Omit the pictures. Transcribe exactly the lines below, from the one with "How to Start an LLC in 7 Easy Steps" up to and including the last.

- [Information provided]:
::::

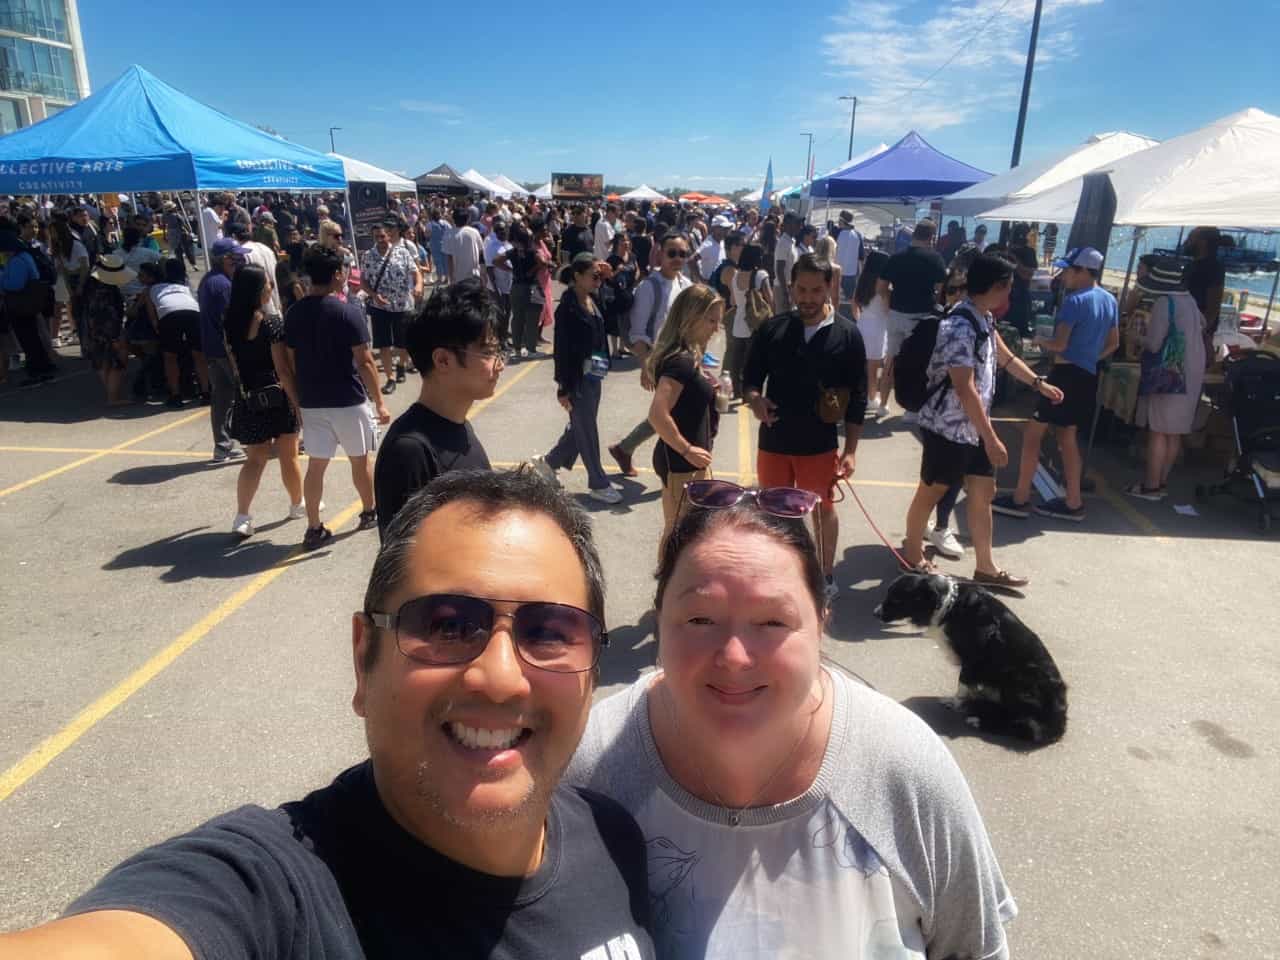 Smorgasburg Toronto 2022 - Checking out the market with my foodie hubby, Chef Jeff.
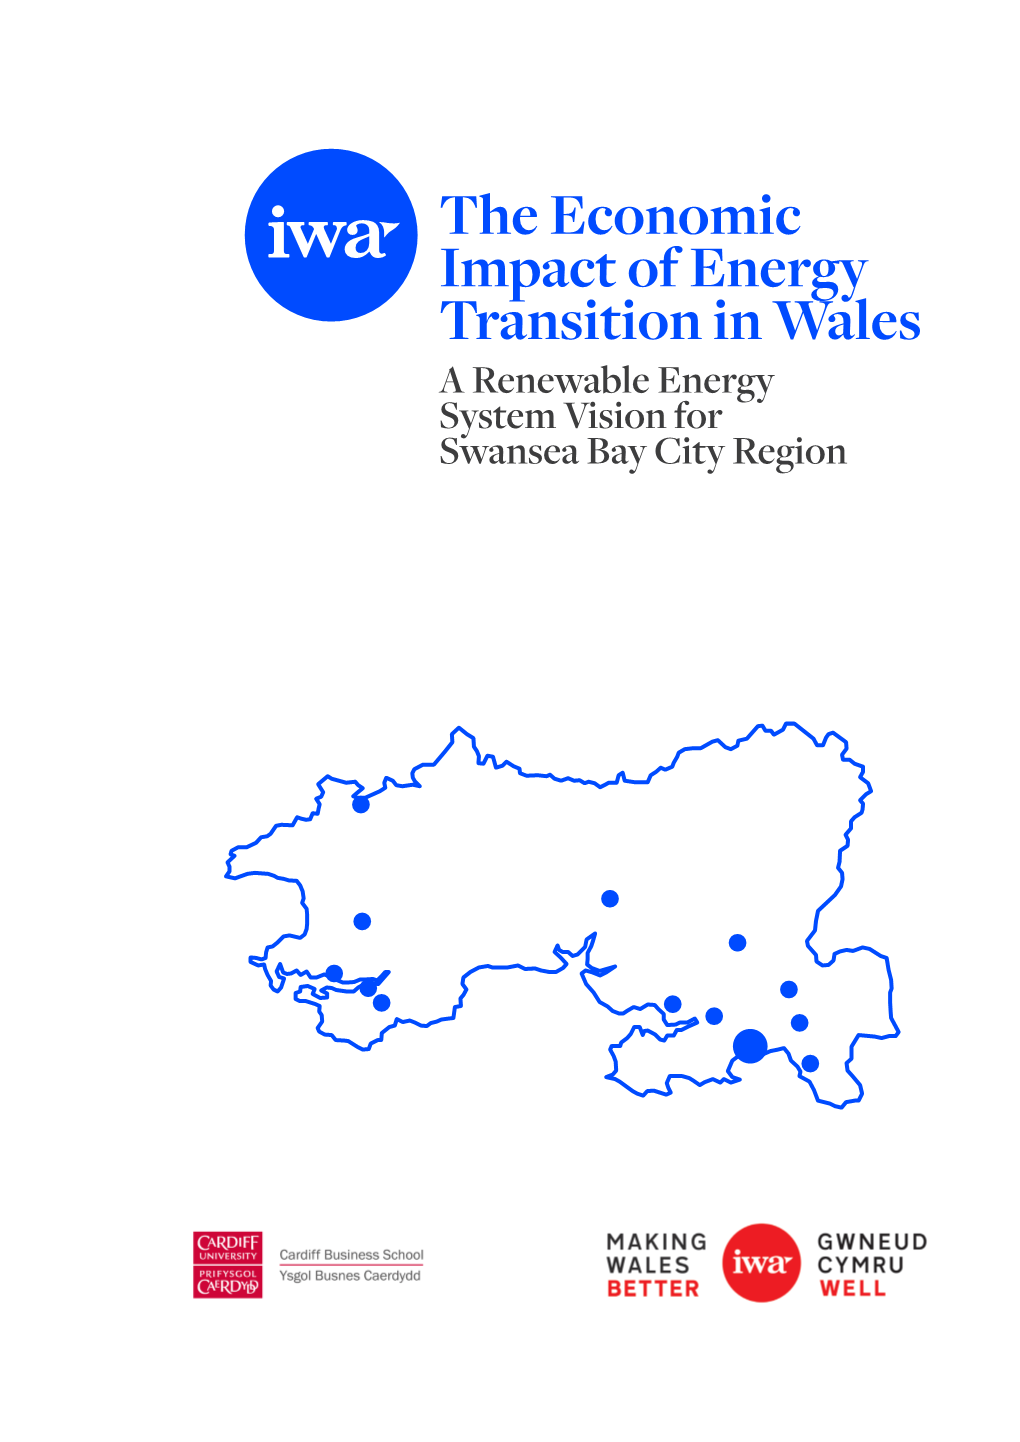 The Economic Impact of Energy Transition in Wales
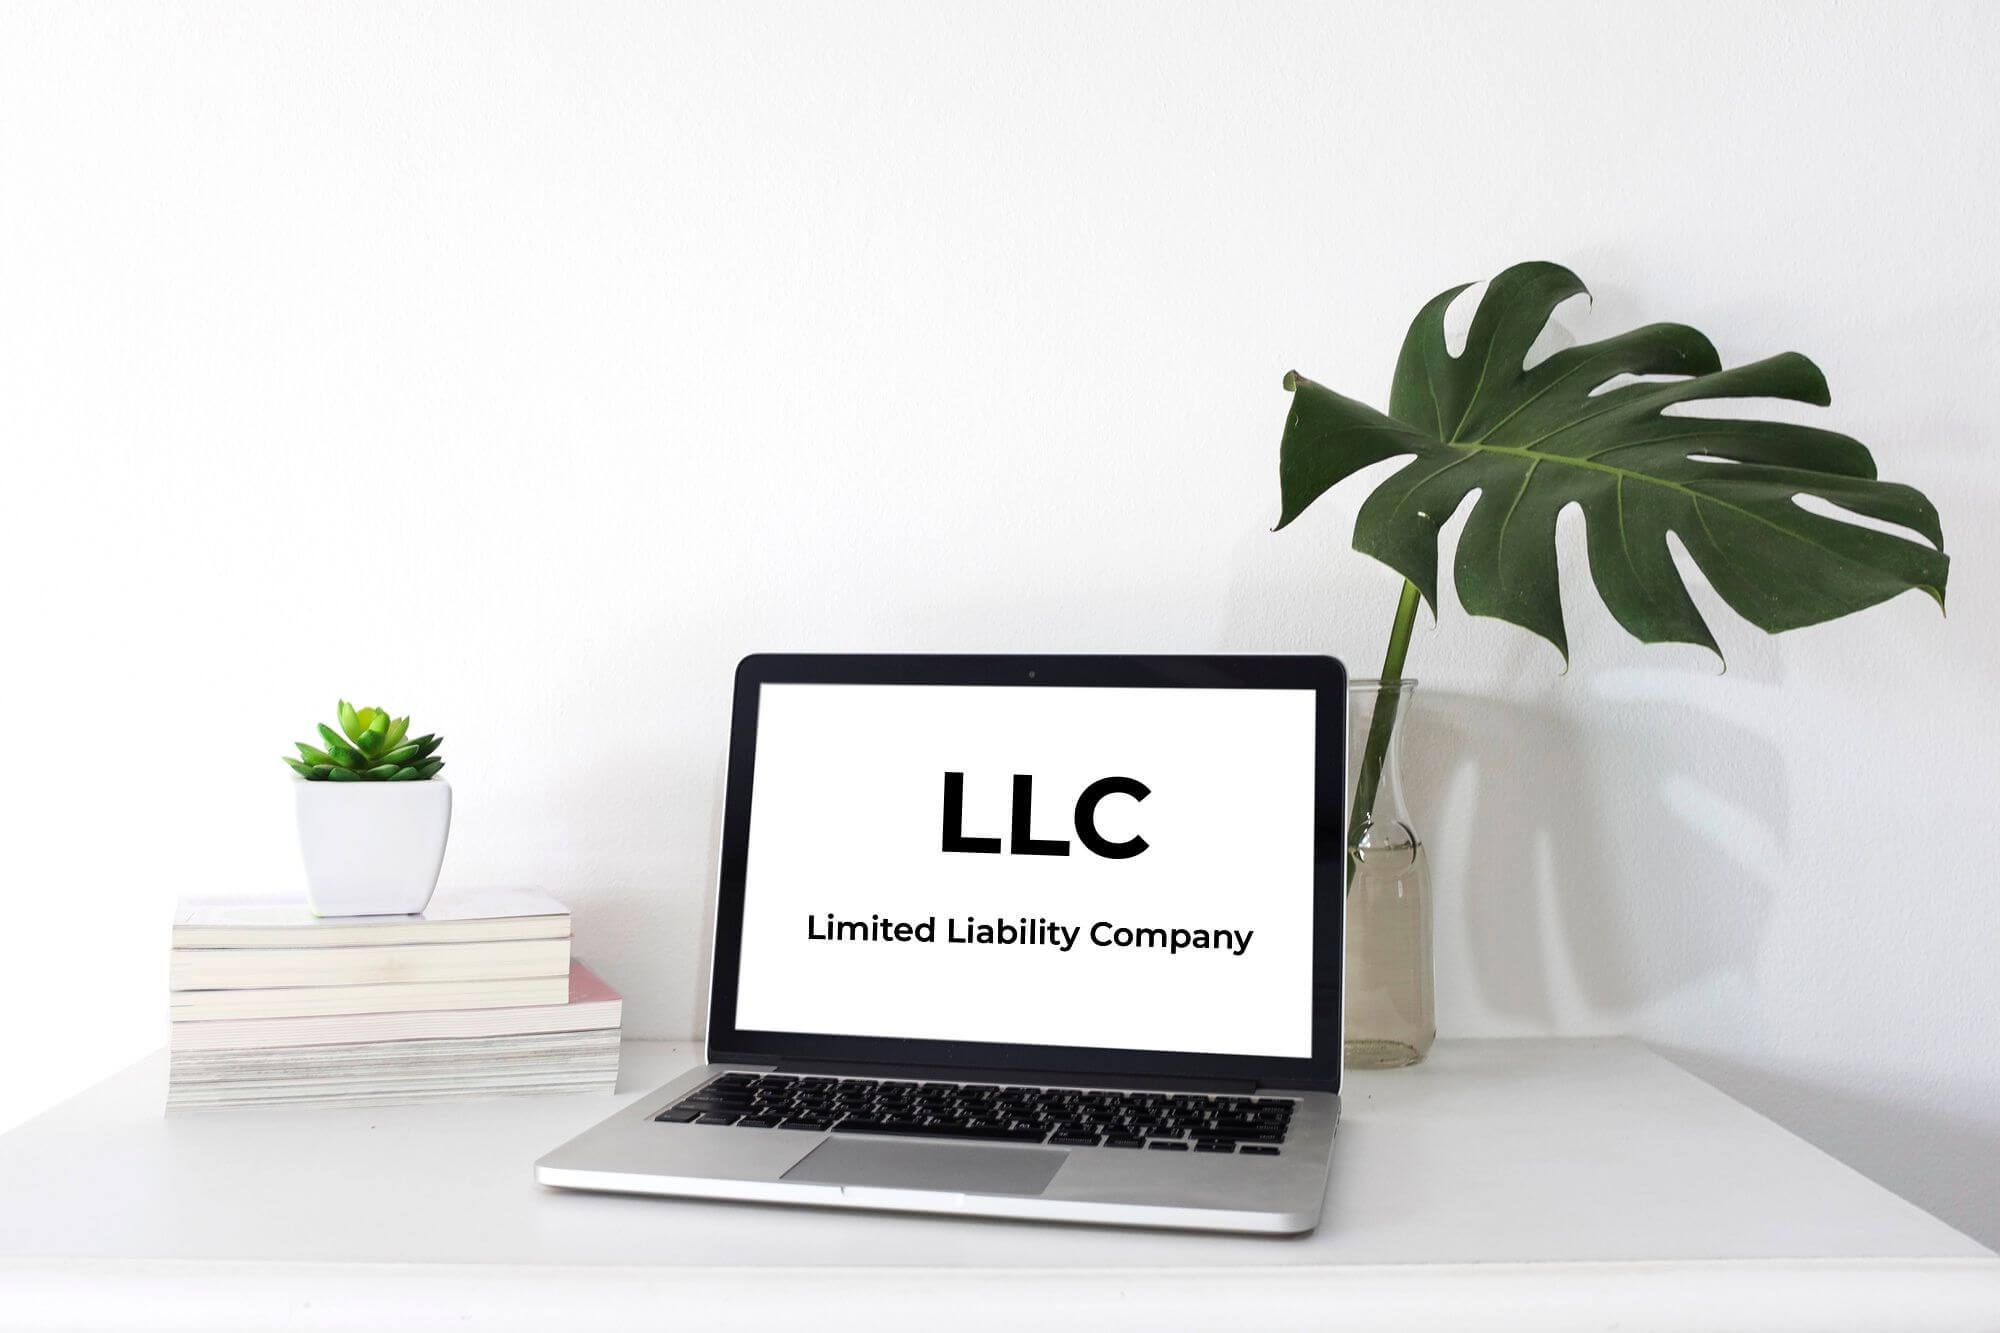 How to Start an LLC in 7 Easy Steps
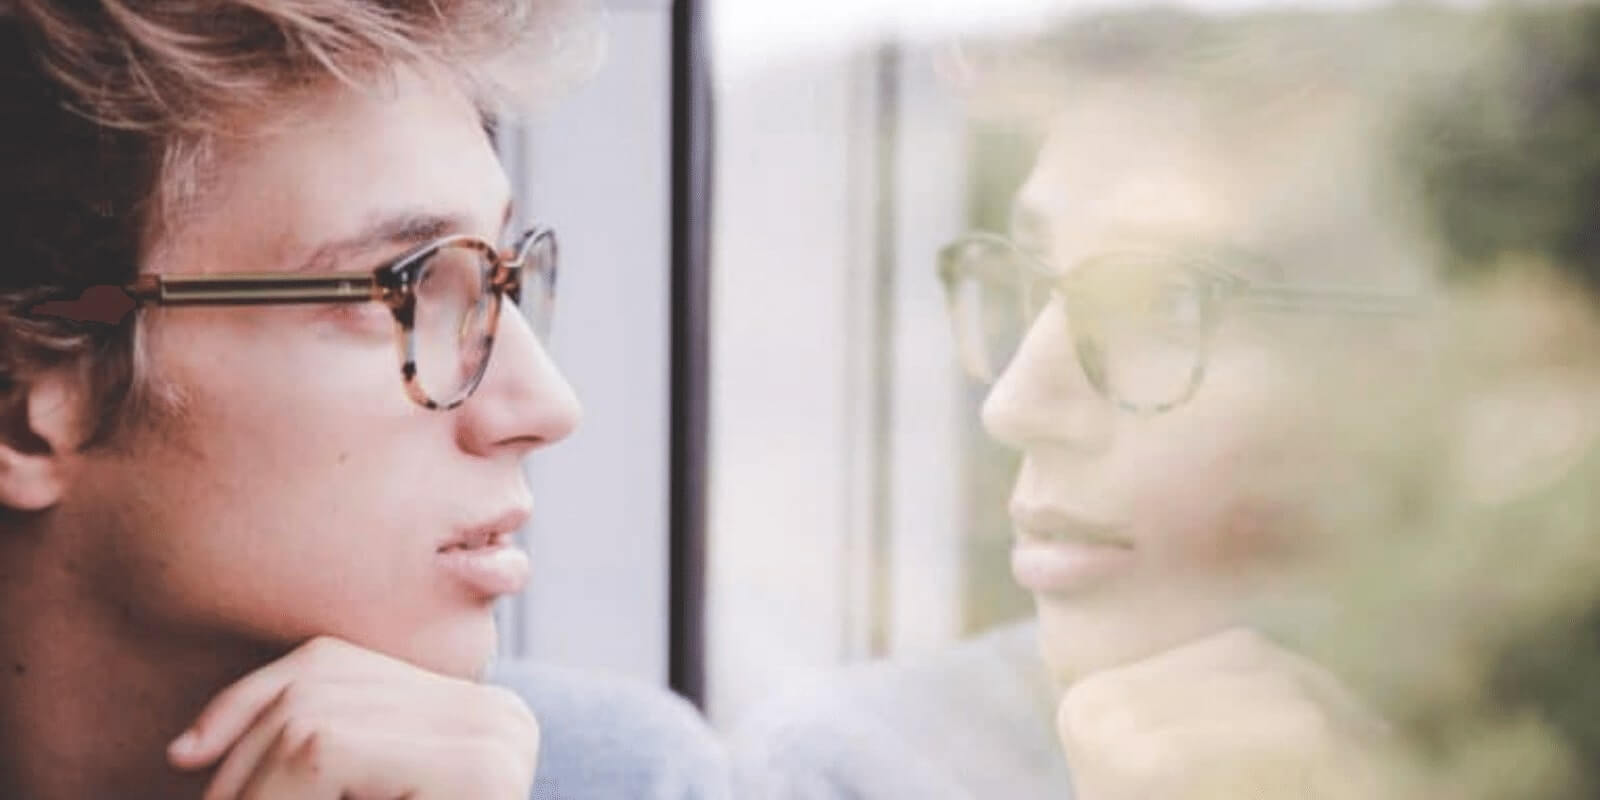 A teen boy with glasses looking at his reflection on a window

::::

- [Task output]:
 How to Start an LLC in 7 Easy Steps
 A teen boy with glasses looking at his reflection on a window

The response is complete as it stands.